To quantify the original surface finish of the CBM and AMMT samples, CLSM surface topography data were determined for 3 areas, 0.250 mm wide and 8.00 mm long that were extracted from between the laser melt pool tracks of each sample. Areas free of spatter were selected and analyzed using the surface analysis software. These surface samples were oriented with the long dimension parallel to the direction of the laser scan and 8.00 mm long so that a line profile parallel to the direction of the laser scan would be the same length and contain the same number of points (12,823 points) as the laser melt pool centerline track profiles used to analyze the heights of the tracks. The software parameterizes surface areal data according to the ISO 25178 standard and linear profiles according to the ISO 4287 standard (using a 0.8 mm gaussian filter).

Melt Pool Track Analysis

Steady-state laser melt pool propagation behavior was characterized using surface data acquired with the CLSM using the settings in Table 2 for the entire length of a laser track representing each case and sample type and analyzed using the surface analysis software following the sequence outlined in Table 3. In step 4 of this analysis procedure (Table 3), the tracks were aligned with the positive x-direction parallel to the direction of laser travel. In step 6 of this procedure, the location of the initial surface was estimated for each track by a curve fitting routine and subtracted from the height data for every (x, y) point. This results in a dataset representing the surface where the positive x-direction is the direction of laser travel and the z-value for every (x, y) point is a measure of the deviation above (+) or below (−) the estimated initial position of the surface at that point.
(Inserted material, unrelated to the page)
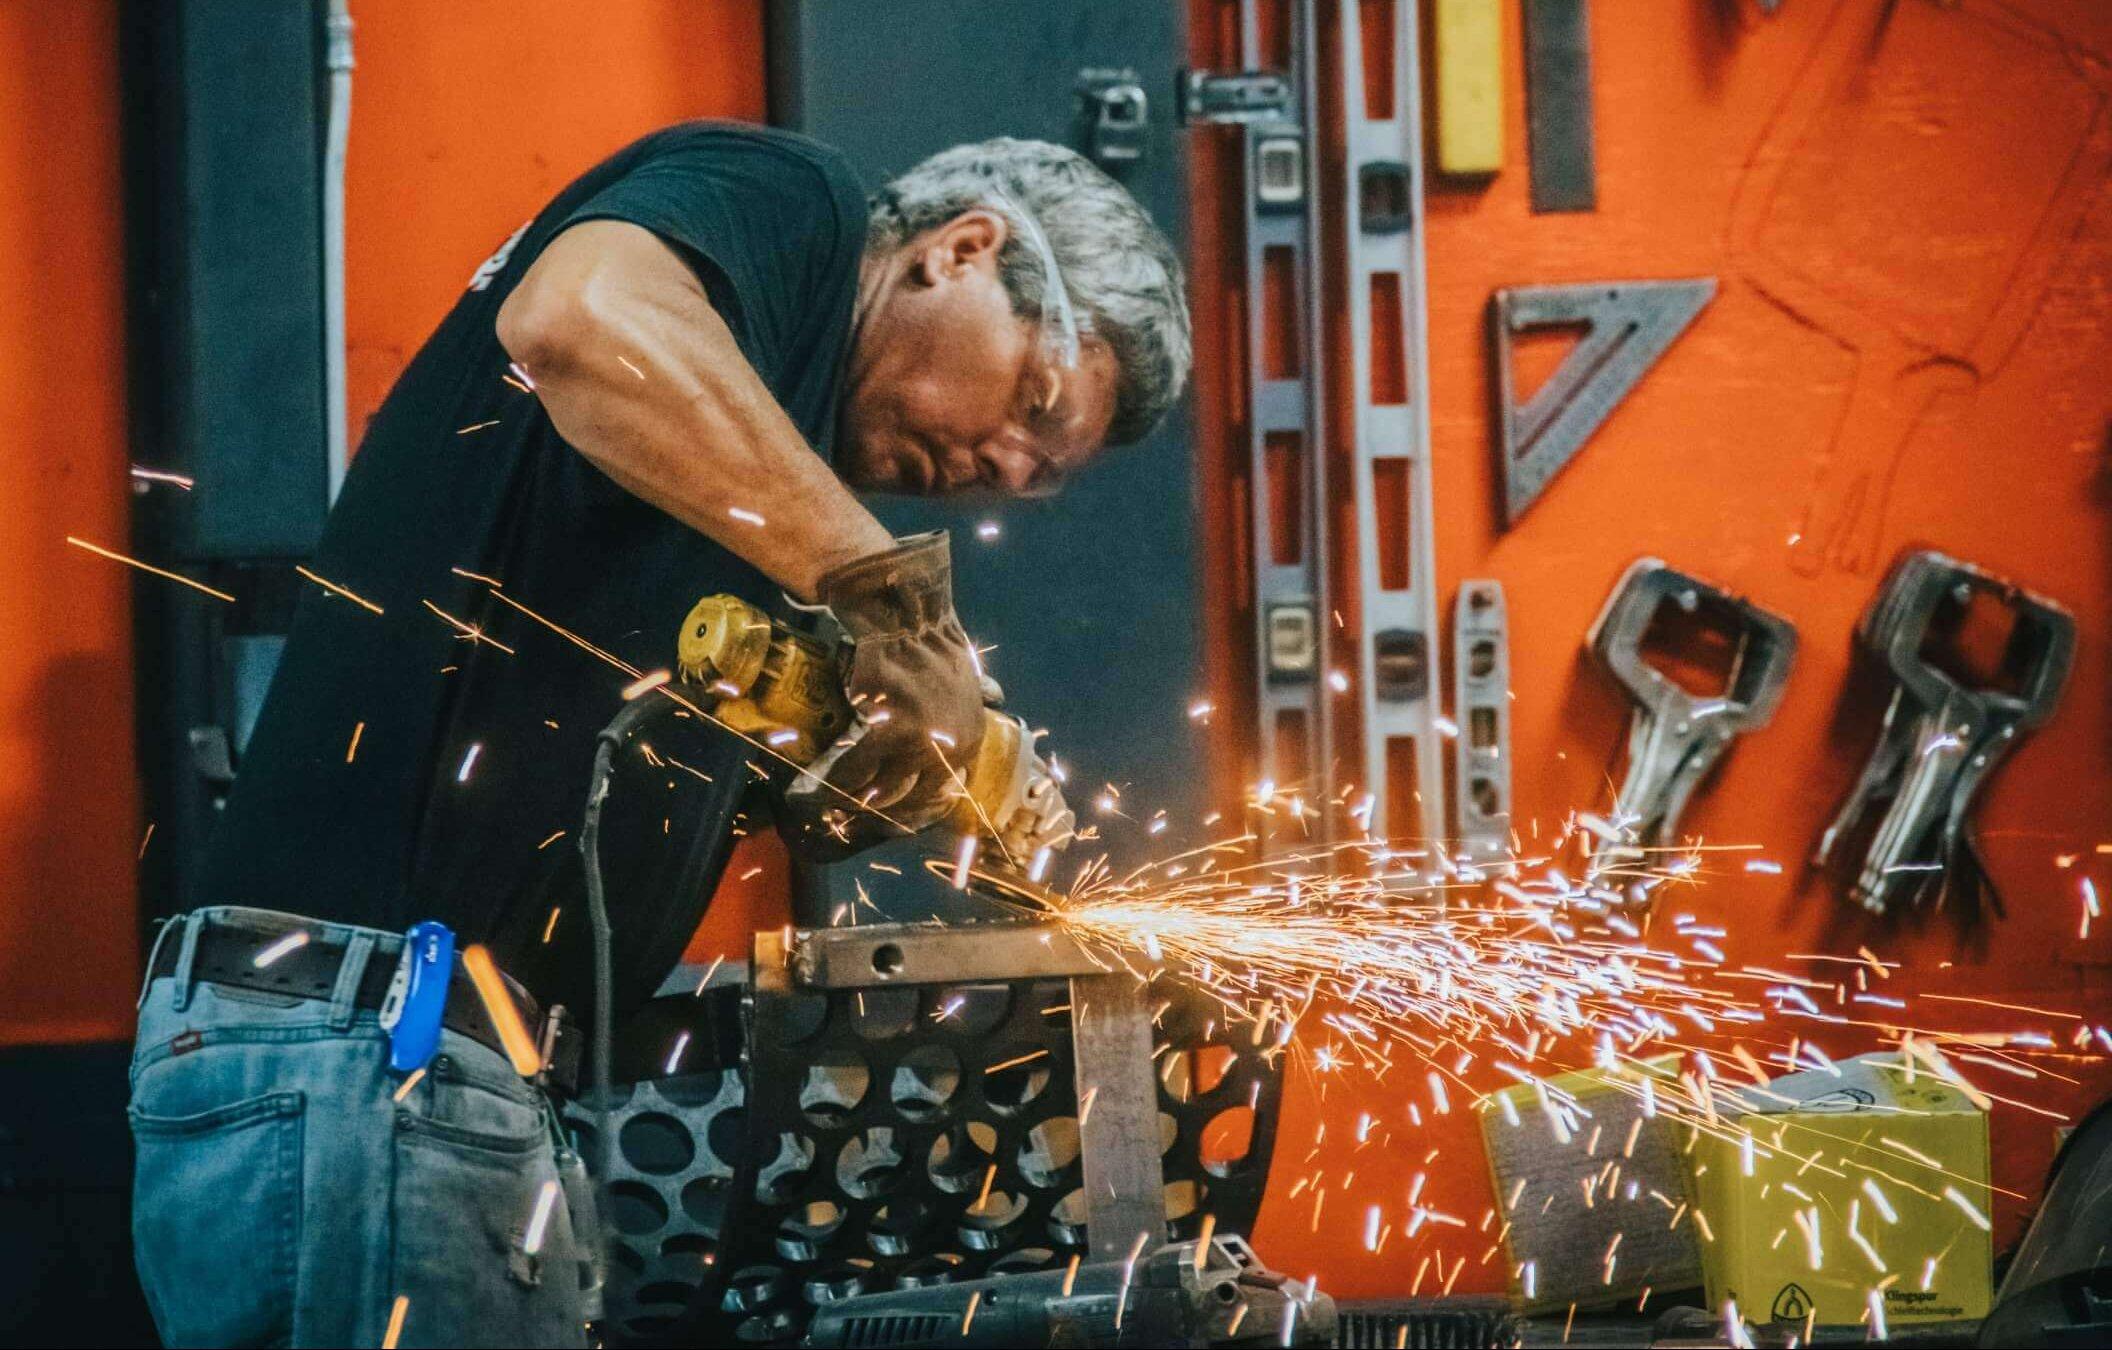 WEIMA fabricator, Burt Sanders, grinding a metal screen

With the positive x- and positive z-directions fixed, the positive y-direction is dictated by the conventions for a right-hand Cartesian coordinate system. Unlike the z-direction, where the zero point was always set at the estimated initial position of the surface, the zero point for both the x and y-directions are arbitrary, and were either set at the lower left corner of the sample, or at the estimated middle point of the track. Since the region of the track sampled to represent steady-state behavior needed to be well outside any region influenced by melt pool initiation at the start, or dissipation near the end, cumulative distribution functions (CDFs) for the track centerline heights (z) were created for different size samples centered about the mid-point of the track length. This examination found that when the samples included data from near either end of the tracks, deviations could be observed in the tails of the distributions. Therefore, to be well away from these deviations, the linear longitudinal and transverse profiles were taken from the middle 8.00 mm of the laser melt pool tracks.
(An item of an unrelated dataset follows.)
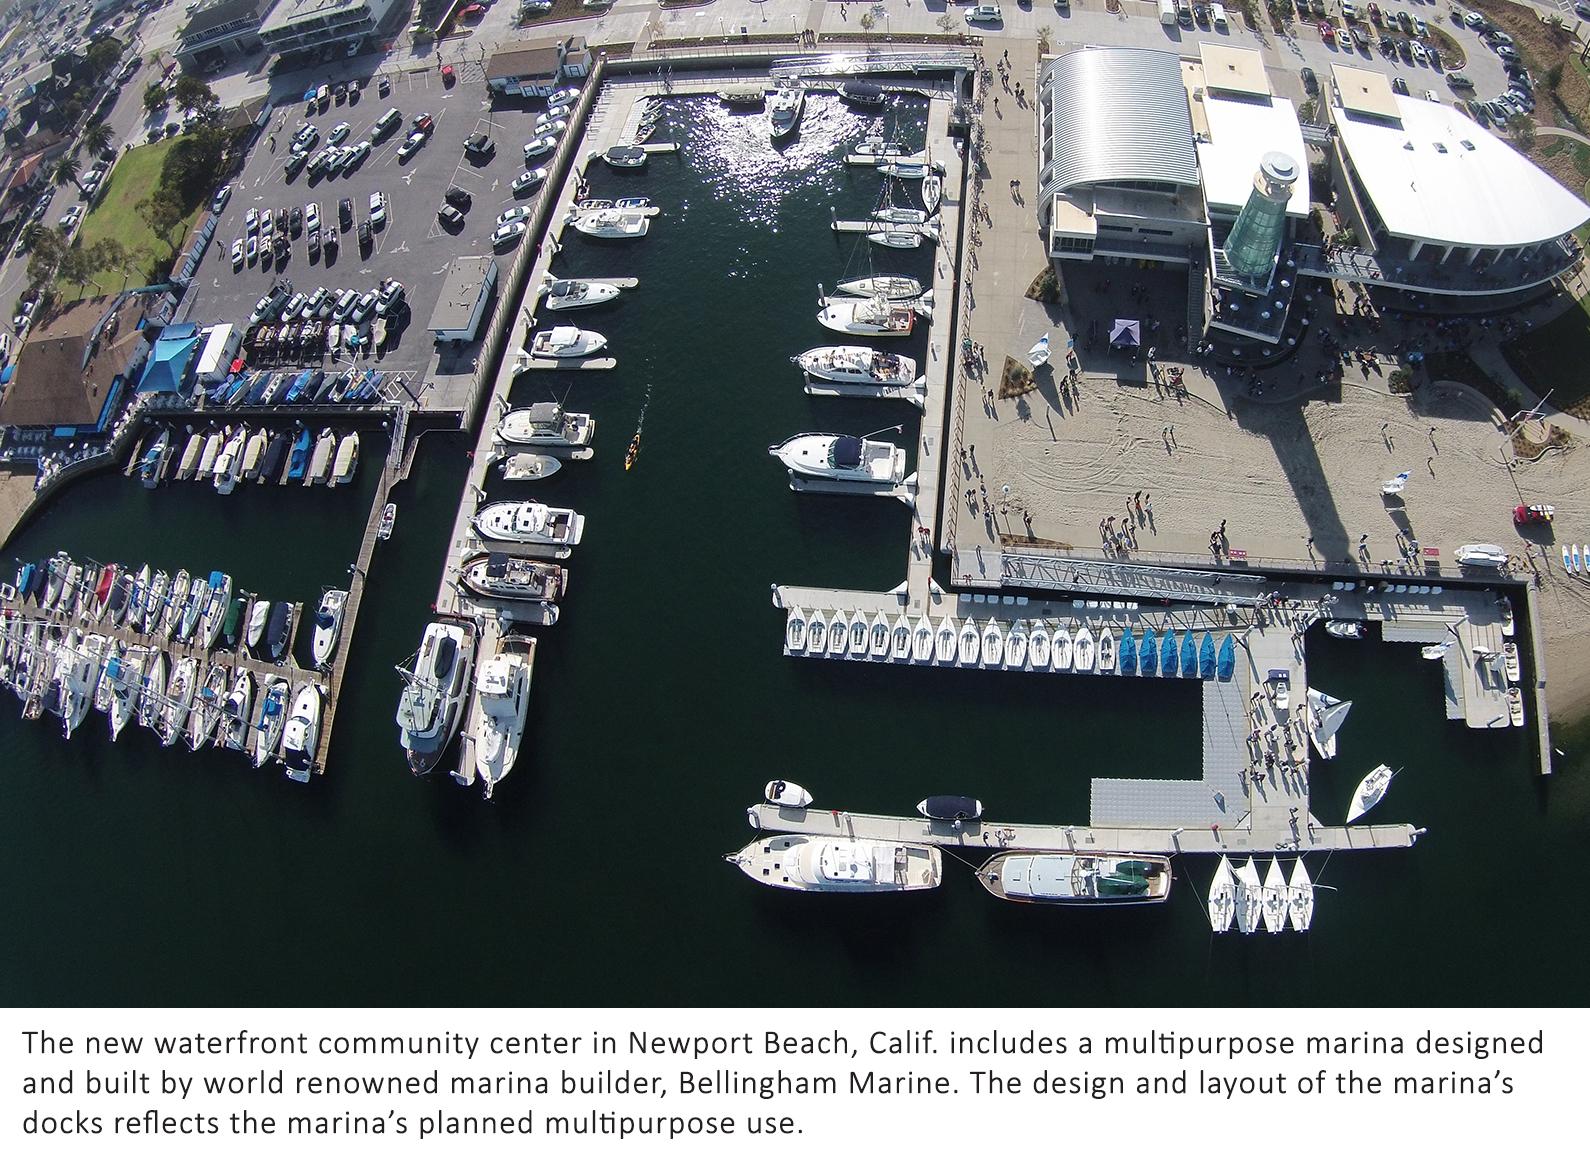 concrete floating docks by Bellingham Marine were installed at Marina Park

The heights of the tracks were evaluated with a line profile down the centerline of the middle 8.00 mm of each track (12,823 points). For these profiles, y is constant, x is the independent variable, and z the dependent variable. To evaluate the stochastic nature of track height, the mean, standard deviation, minimum, maximum, and range were calculated from the height (z) data for each line profile. In addition, the centerline height data for each track were converted into cumulative distributions and fit with the equation for a normal distribution.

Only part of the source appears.